AI for Good blog

Meet the robots unlocking ocean secrets

Environment & Climate change | Robotics for Good
Despite covering 71 per cent of Earth’s surface, oceans remain a vast unknown in terms of what lies beneath their surface.

Advances in artificial intelligence (AI) and marine robotics, however, could soon make the undersea depths more familiar.

This year marks the start of the Ocean Decade, a dedicated United Nations-led drive to apply ocean science for sustainable development.

Oceans are a major food source and play a central role in regulating the planet’s climate.

“As our civilization transitions to more sustainable energy sources, the ocean represents a large untapped source,” added Sean Halpin, Vice President of Products and Services at Houston Mechatronics, speaking at an AI for Good session on marine robotics.

But the undersea work needed to investigate and tap into ocean energy and resource potential can be dangerous. It can also produce considerable emissions of carbon dioxide (CO2) and other greenhouse gases. Halpin’s company aims to use marine robots to conduct underwater exploration, monitoring and maintenance in a safer, more sustainable manner.

“You can scale robotic technology without increasing your carbon footprint or sacrificing human safety,” he said.

The autonomous robot vehicle travels hydrodynamically at the surface or through the depths of the sea. Upon reaching its destination, it puts out its arms and collects image data to perform tasks and interact with the marine environment.

Slowly going autonomous

Houston Mechatronics built the small, uncrewed vessel – still at proof-of-concept stage – as a way to eliminate the emissions produced by larger ships with human crews aboard.

Although fully autonomous in theory, it still operates on shared control architecture “because people don’t quite trust robots to do all the work autonomously yet,” Halpin said.

Ocean exploration aligned with sustainable development warrants at least as much attention as space flights, in his view. “I want my children to go to space because they want to, not because they must,” he said. “Fixing problems at home first, using marine robots to better extract information and energy from the ocean, is the way to go.”

As probes explore the solar system and beyond, the imbalance between space and ocean knowledge grows. “We have a map of the entire surface of Mars to a three-centimetre resolution, but only have about 20 per cent of the seafloor mapped,” pointed out Richard Mills, Vice President of Marine Robotics Sales at Kongsberg Maritime.

Current robots, operable in deep water, could survey up to 96 per cent of the world’s seafloor through sonar imagery and bathymetric mapping, he said.

Eelume, Kongsberg’s flexible robot model, 20 centimetres in diameter, is designed to stay on the seafloor for up to six months at a time.

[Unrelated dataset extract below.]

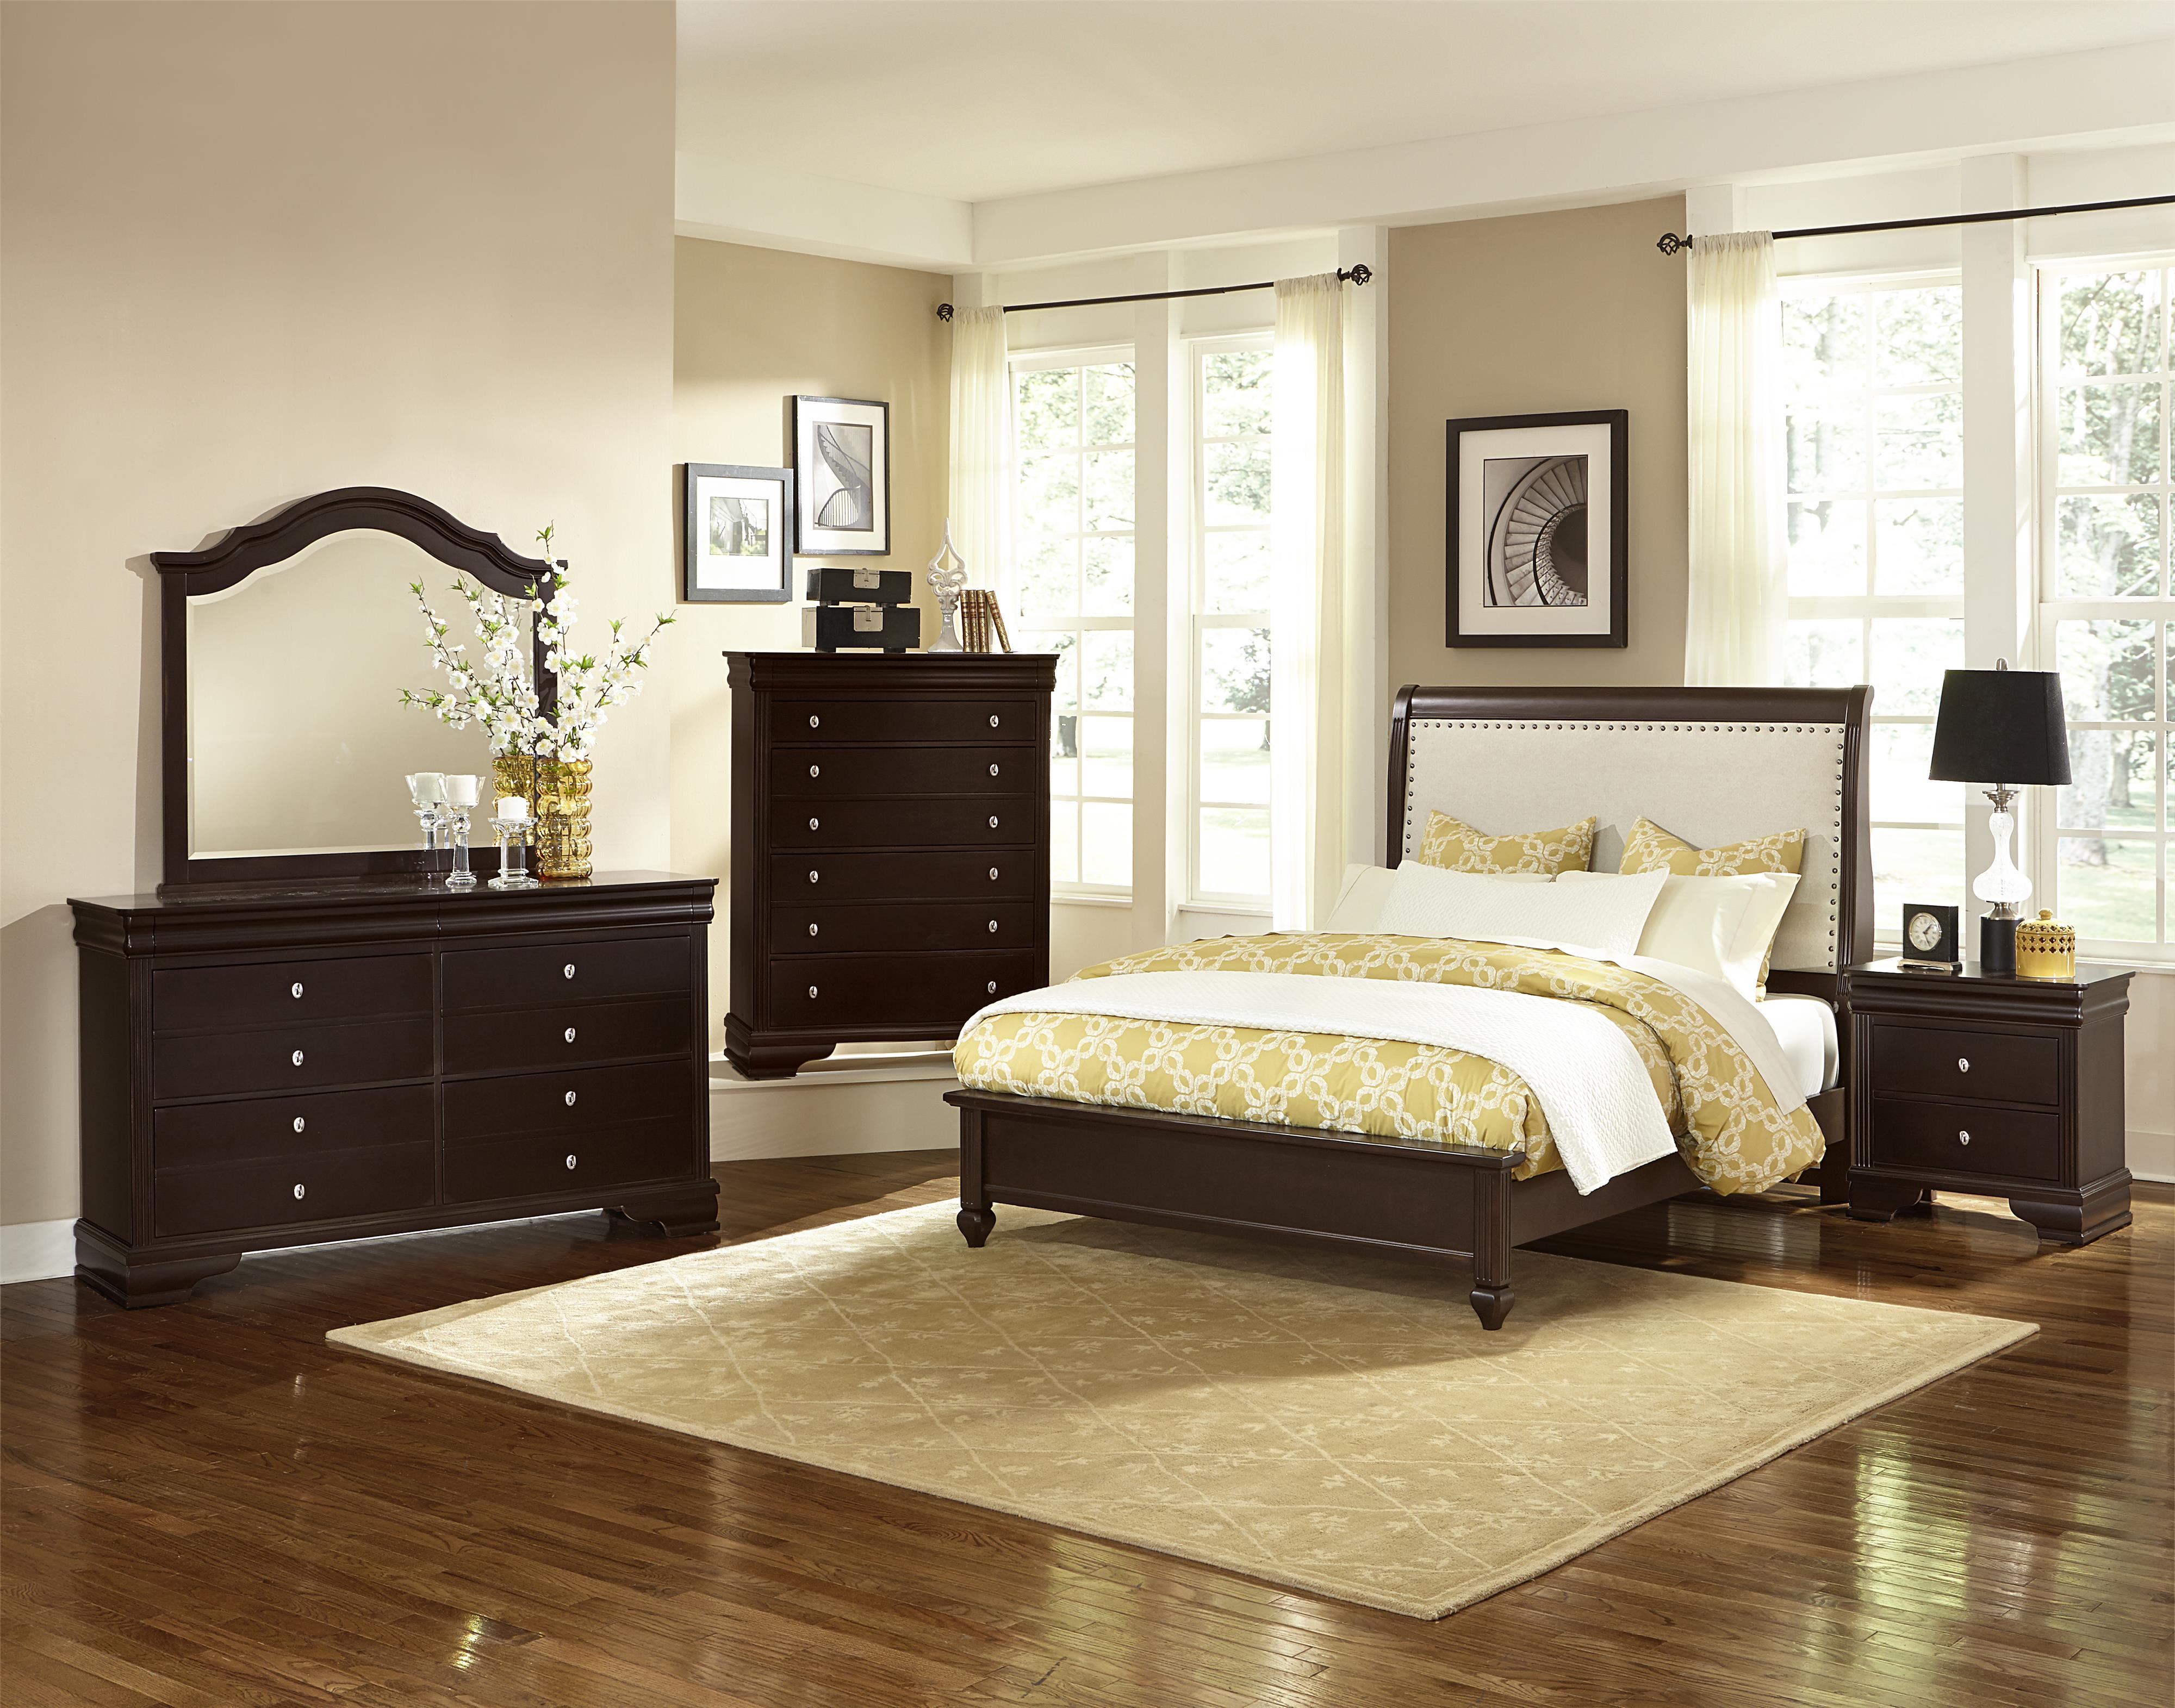 vaughan bassett french market queen bedroom group olinde 39 s furniture bedroom groups. Black Bedroom Furniture Sets. Home Design Ideas
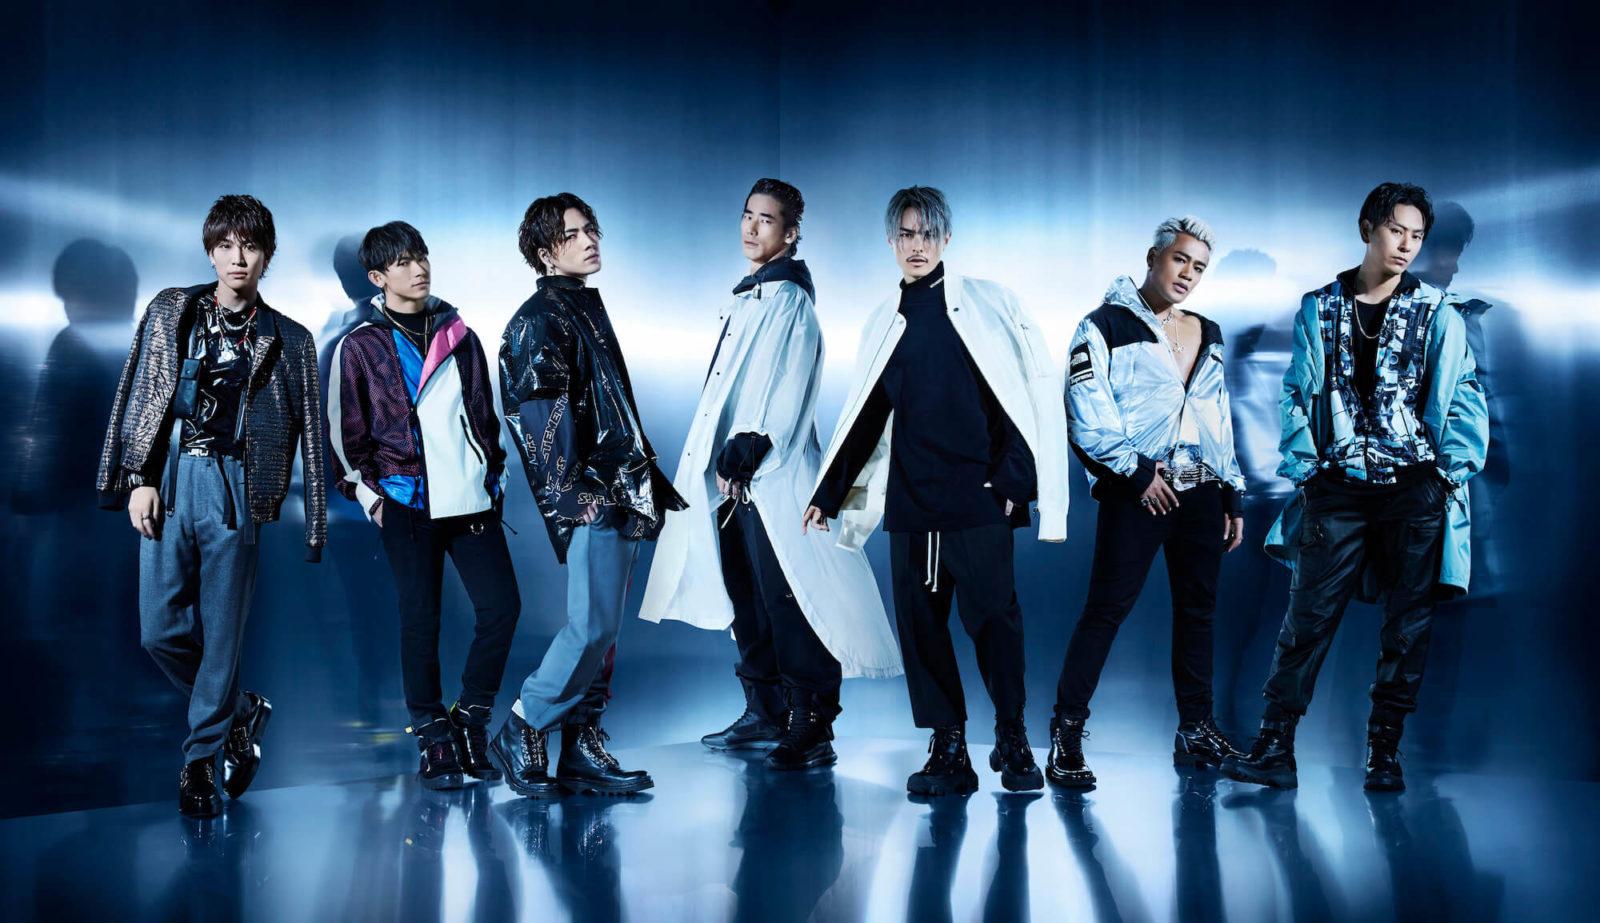 三代目 J Soul Brothers、最新アルバム「FUTURE」が音楽配信サイトのアルバムチャートを席巻中サムネイル画像

AI helps to compile actionable survey data, which can
then be transmitted via maritime broadband radio and distributed via cloud-based services for processing and analysis anywhere in the world.

Robot use made easy

Remotely operated vehicles (ROVs) can support a variety of operations, from aquaculture and search-and-rescue to cleaning out reservoirs. “We aim to make complicated missions very simple for the user, so all of our robots are portable – either battery or mains powered,” said Sam Macdonald, Founder and President of Canada-based Deep Trekker.

For her, AI is the key to make undersea vehicles autonomous and simple to use.

“We are getting into waypoint navigation. Using a handheld screen [to control the] robot, you can drop waypoints, make depth or speed changes, and have the robot run the mission autonomously.”

Ocean data harvested by ROVs can then be curated for consumer use. Macdonald’s company aims to use AI to detect damage in marine environments while it happens.

This could involve sending ROVs out to inspect infrastructure or using benthic seabed habitat mapping to check on the health of vital reefs and marine species.

Undersea charging

While battery life remains a major concern, installing recharging stations for marine robots represents an even bigger challenge.

At Purdue University (US), Associate Professor Nina Mahmoudian and her mechanical engineering students are creating new tools to improve undersea robot effectiveness.

Their prototypes include a portable, multipurpose underwater docking system that relies on acoustics and vision sensing to interact with autonomous vehicles.

The research team found traditional algorithms lacking, as vehicles repeatedly mistook other well-lit areas for the docking station. Machine learning, however, helps to eliminate such false positives.

Robots should soon be able to recognize whether to avoid or pursue any obstacle in the underwater environment. “We are also using segmentation to enable the robot to detect water and then navigate through it,” Mahmoudian said.